I am happy to accept any criticism or comments for improvements.

6 comments

David Adler (author) 11 years, 11 months ago  # | flag

Sorry that it is a bit littered with tests!

Darren Stanney 11 years, 1 month ago  # | flag

Hi David,

in the selectFitness() function I don't see the need to ensure that the two chromo are different; in fact I feel that this actually hinders the GA from converging + introduces an unneeded bottleneck to the code.

If a self cross is weak the chromo will get weeded out naturally; and if the chromo is strong it will proliferate more quickly than if you didn't allow a self cross.

If you try the following it may improve your results:

def selectFittest (fitnessScores, rankedChromos):
  #while 1 == 1: # ensure that the chromosomes selected for breeding are have different indexes in the population
  index1 = roulette (fitnessScores)
  index2 = roulette (fitnessScores)
  #if index1 == index2:
  #continue
  #else:
  #break


  ch1 = rankedChromos[index1] # select  and return chromosomes for breeding 
  ch2 = rankedChromos[index2]
  return ch1, ch2

Regards Darren.

David Adler (author) 11 years, 1 month ago  # | flag

hi Darren,

Fair point, I haven't tested which one is more efficient but these are the reasons i did it the way i did:

  1. from a biological perspective you can't cross the same gene with itself
  2. we use elitism anyway so perhaps less concern about eliminating good ones and more conern about introducing variation
  3. I originally introduced it for debugging
deep 10 years, 3 months ago  # | flag

Hii David

How to implement Genetic Algorithm for classifying Biological database which contain DNA string??

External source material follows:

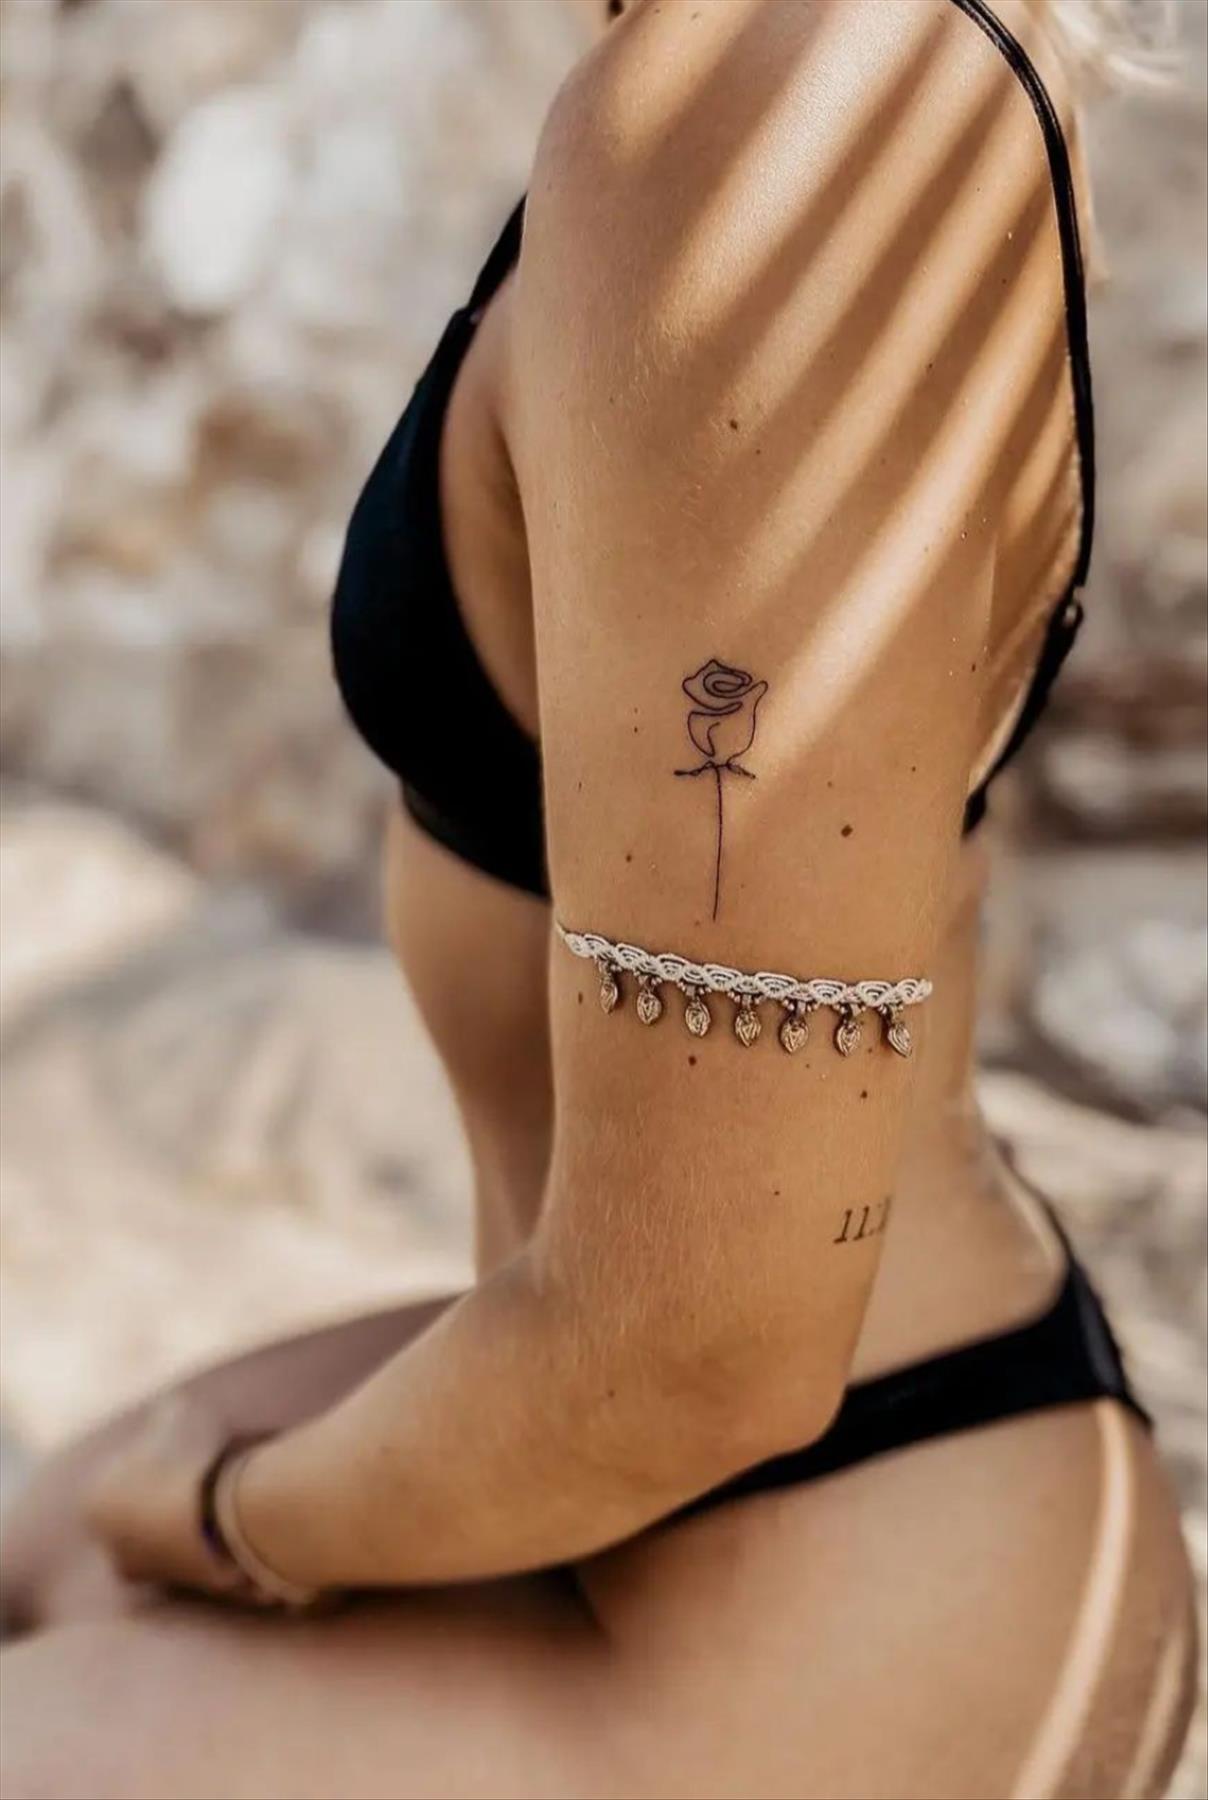 Hot tattoo designs for women when wearing Bikini this Summer

samuel ilesanmi 7 years, 8 months ago  # | flag

HI david, can you help on "python implementation of genetic algorithm for student performance system in lets say computer science department

its a for a final year project, i'd appreciate if you can help out. Thanks

Dillan Campbell 7 years, 6 months ago  # | flag

how would oi go about making it so i can visually see the process instead of having it close as soon as it is done?